Keywords: Glioblastoma, anti-angiogenic treatments, Chimeric mouse model, Optical imaging, Stem cell tracking

Introduction

Anti-angiogenic treatments are being utilized to control different malignant tumors including glioblastoma (GBM) as a second line of defense when traditional treatments using chemotherapy, radiation therapy or surgery fail to control the primary as well as recurrent tumors. Most of the anti-angiogenic agents that are under clinical trails target VEGF-VEGFR interactions. However, recent findings indicate that the effects of antiangiogenic treatments are transient and the tumors become refractory and more aggressive following such treatments. The hypothesis behind the refractoriness of the tumors is that the tumors initiate the alternative pathways of angiogenesis and may initiate the mobilization of bone marrow derived progenitor cells that are involved in making blood vessels by vasculogenesis. In this short review, the current antiangiogenic treatments, possible mechanisms of activation of alternative pathways of angiogenesis, and possible involvement of bone marrow derived progenitor cells in the failure of antiangiogenic treatments are discussed.

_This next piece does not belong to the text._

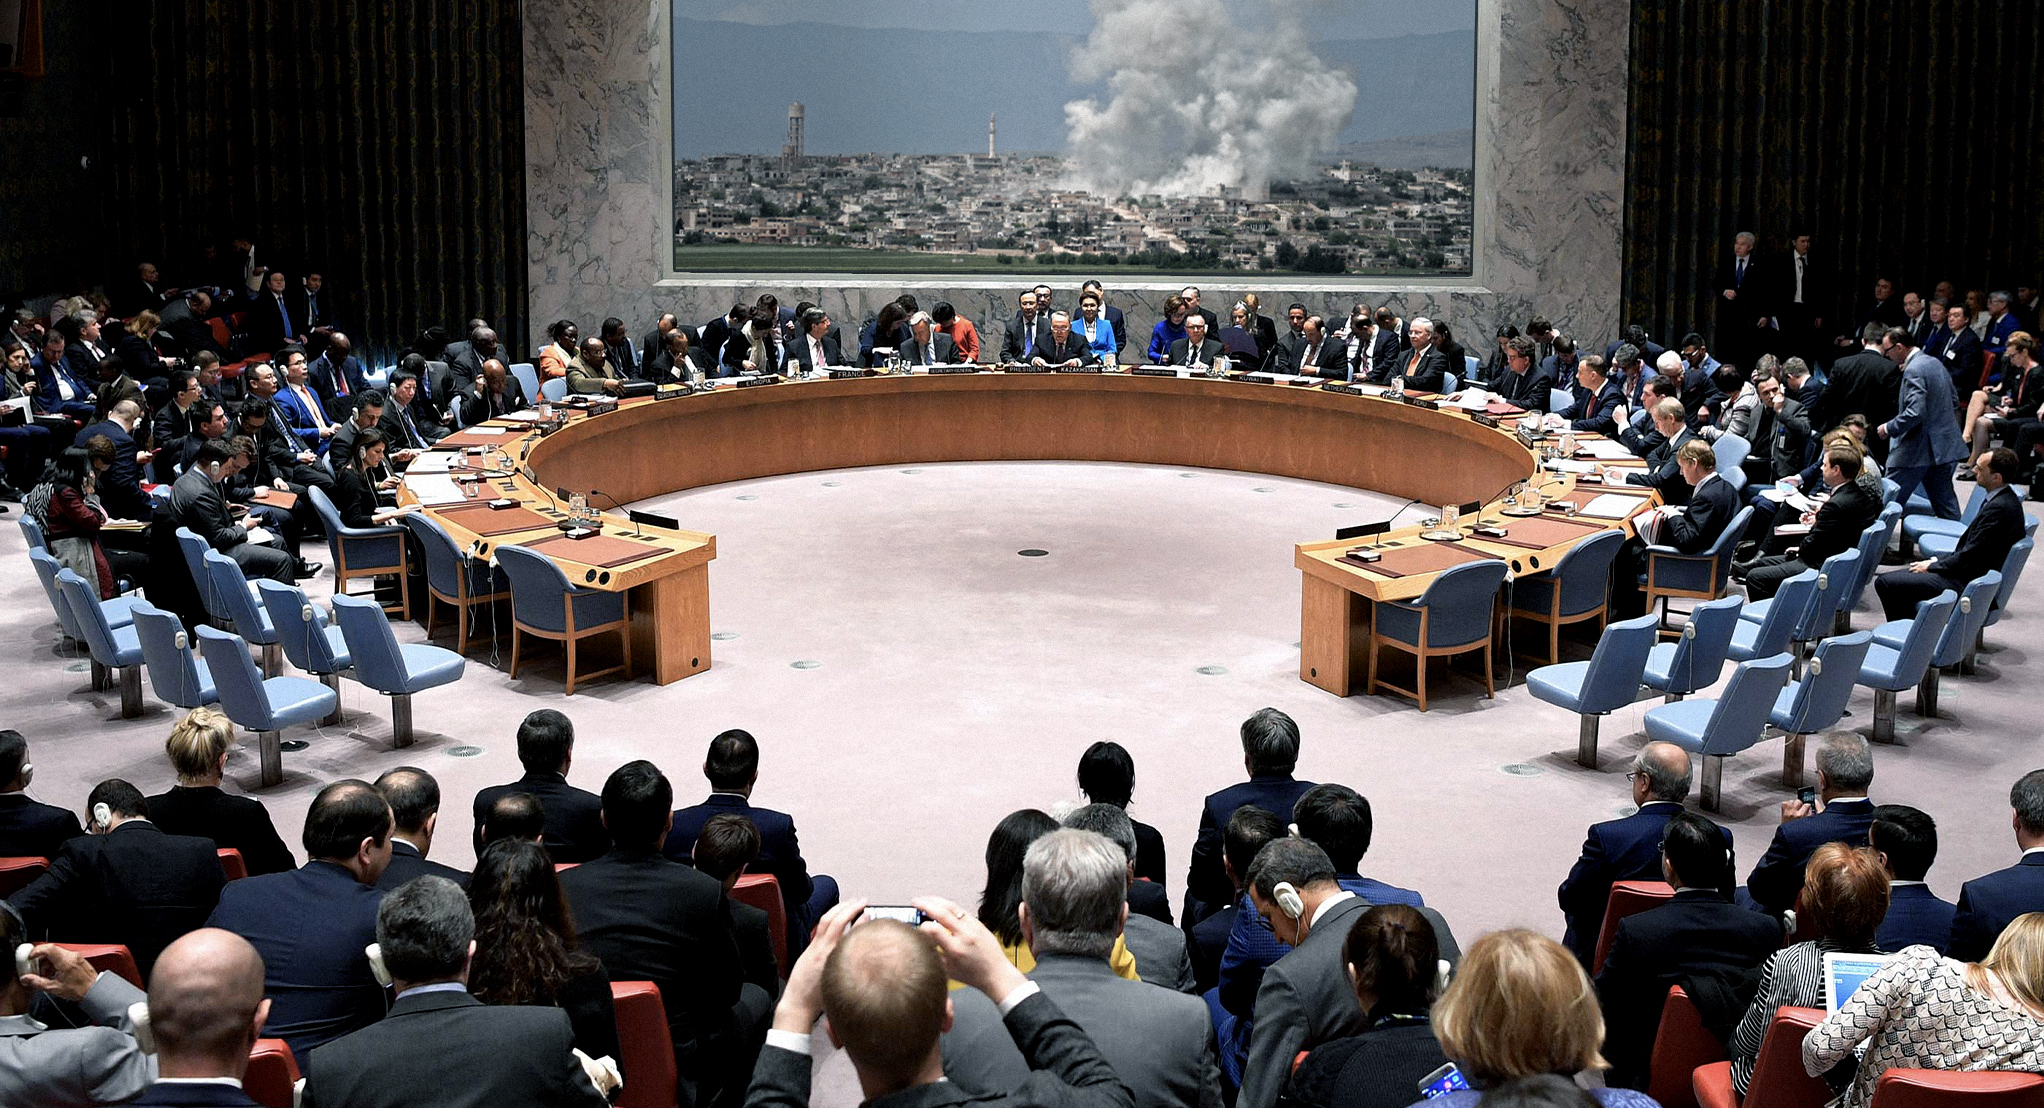 صورة مجلس الأمن يعقد اجتماعاً لمناقشة أوضاع إدلب والدردشة حول الأزمة الحالية وتبادل الفيتوهات
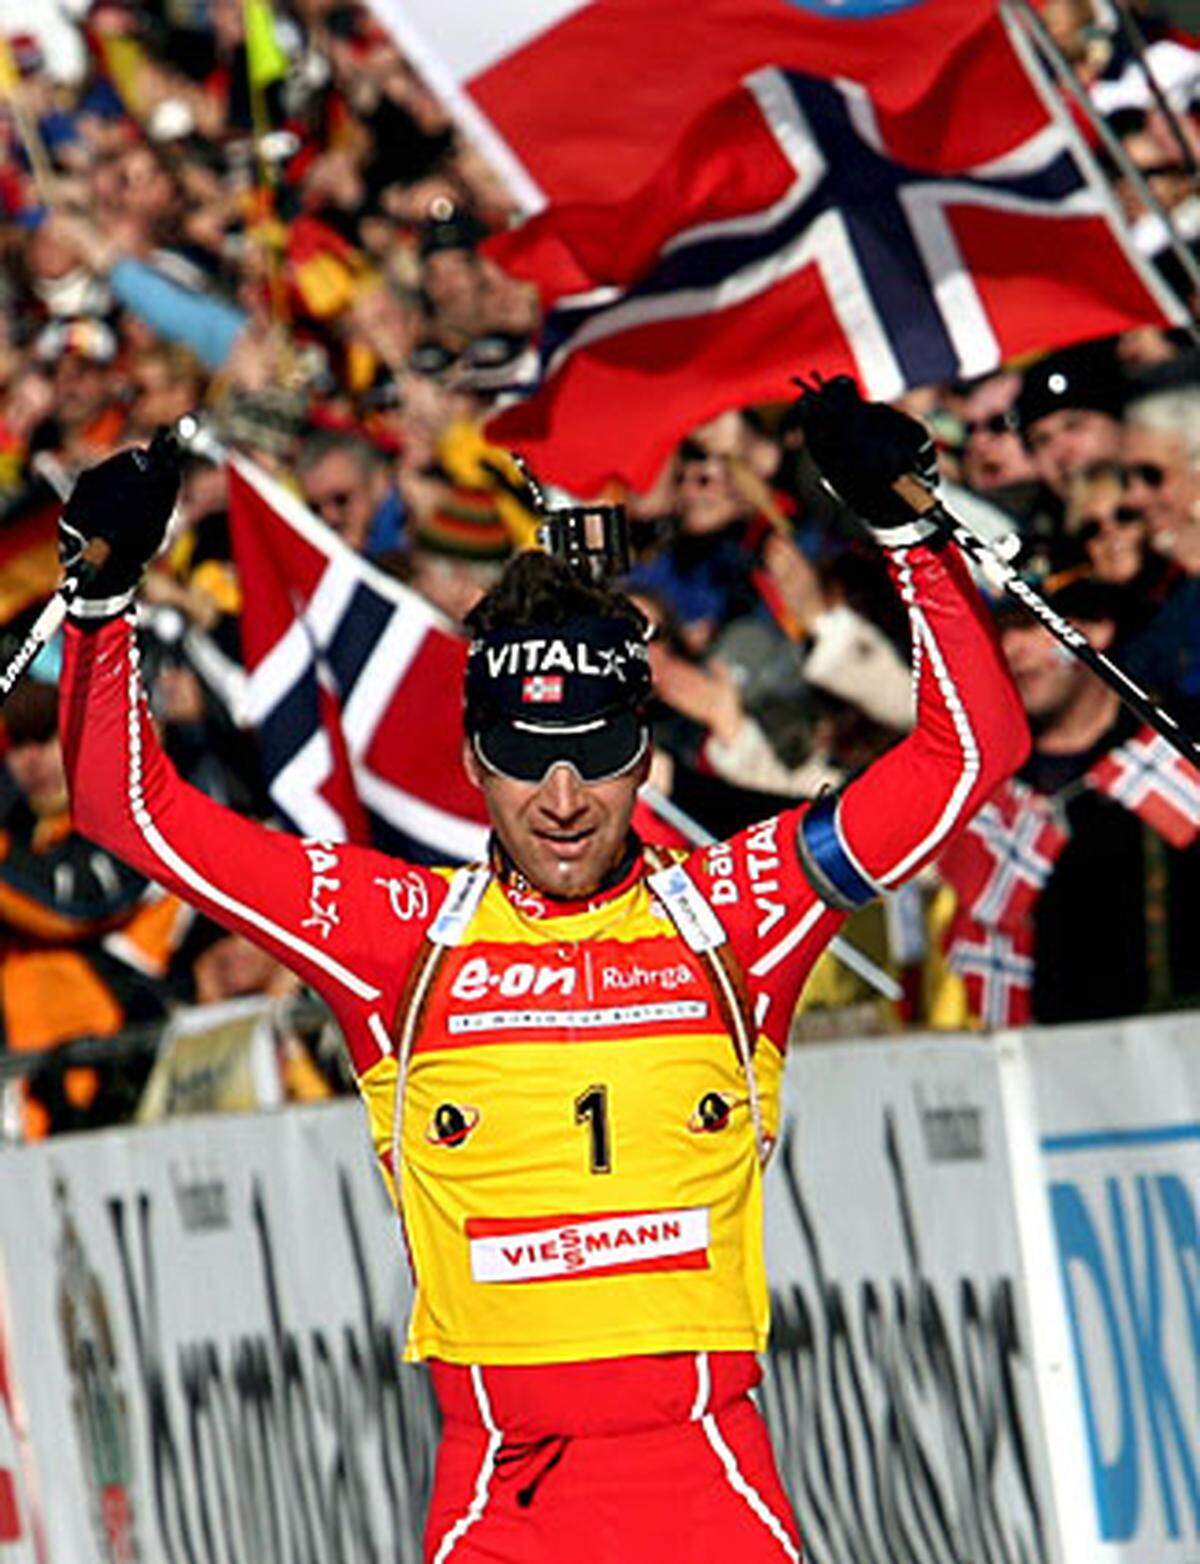 Bei den Olympischen Spielen in Turin 2006 kann Björndalen seine vier Goldenen von 2002 nicht verteidigen und muss sich mit zwei Silbernen und einer Bronzemedaille begnügen. Doch bei der WM 2007 ist sein Goldhunger wieder da: In Antholz gewinnt er Gold in Sprint und Verfolgung, dazu gibt es Silber mit der Staffel.

Challenges in glioma treatment

Glioblastoma (GBM) are hypervascular tumors that are highly resistant to all the currently available multimodal treatments. GBM are among the most devastating tumors, with survival of only one to three years after diagnosis even with the best of treatments (Remer and Murphy, 2004;Dhermain et al., 2005). Surgery and radiation therapy (followed by adjuvant chemotherapy), which form the standard practice, very often fail because of uncertainty in delineating the margin of the tumor (Dhermain et al., 2005). Although standard therapies can prolong a patient’s duration of survival, the median survival time for patients with recurrent GBM is usually less than 1 year (Chang et al., 2006). Animal studies have indicated that angiogenesis and increased vascular permeability are essential for the survival and proliferation of glioma cells (Goldbrunner et al., 2004). On the other hand, GBM is characterized by the release of vascular endothelial growth factor (VEGF), an important regulator and promoter of angiogenesis (Norden et al., 2008c) and vascular permeability. Therefore, anti-angiogenic therapies targeting VEGF or VEGF receptors (VEGFRs) were designed and thought to be an effective tool for controlling the growth of malignant gliomas. However, recent results of early clinical trials using humanized monoclonal antibodies against VEGF (Bevacizumab), as well as small-molecule tyrosine kinase inhibitors that target different VEGF receptors (VEGFRs) (Vetalanib, Vandetanib, Sunitinib, Sorafenib, etc) alone or in combination with other therapeutic agents (Los et al., 2007;Dietrich et al., 2008;Norden et al., 2008b,c) demonstrated differing outcomes, with the majority of reports indicating that glioma developed resistance to the employed anti-angiogenic treatments (Verhoeff et al., 2009;Yamanaka and Saya, 2009;Ahluwalia and Gladson, 2010;Sierra et al., 2010). It has been noted that continued anti-angiogenic therapy targeting only the VEGF-VEGFR system might affect pro-angiogenic factors other than VEGF, such as basic fibroblast growth factor (bFGF), stromal derived factor 1 (SDF-1) and Tie-2 (Norden et al., 2008b). But these factors may in turn stimulate angiogenesis by mobilizing bone marrow derived precursor cells- such as endothelial progenitor cells (EPCs)- which are known to promote angiogenesis and vasculogenesis (Batchelor et al., 2007;Kerbel, 2008;Norden et al., 2008b;Kioi et al., 2010).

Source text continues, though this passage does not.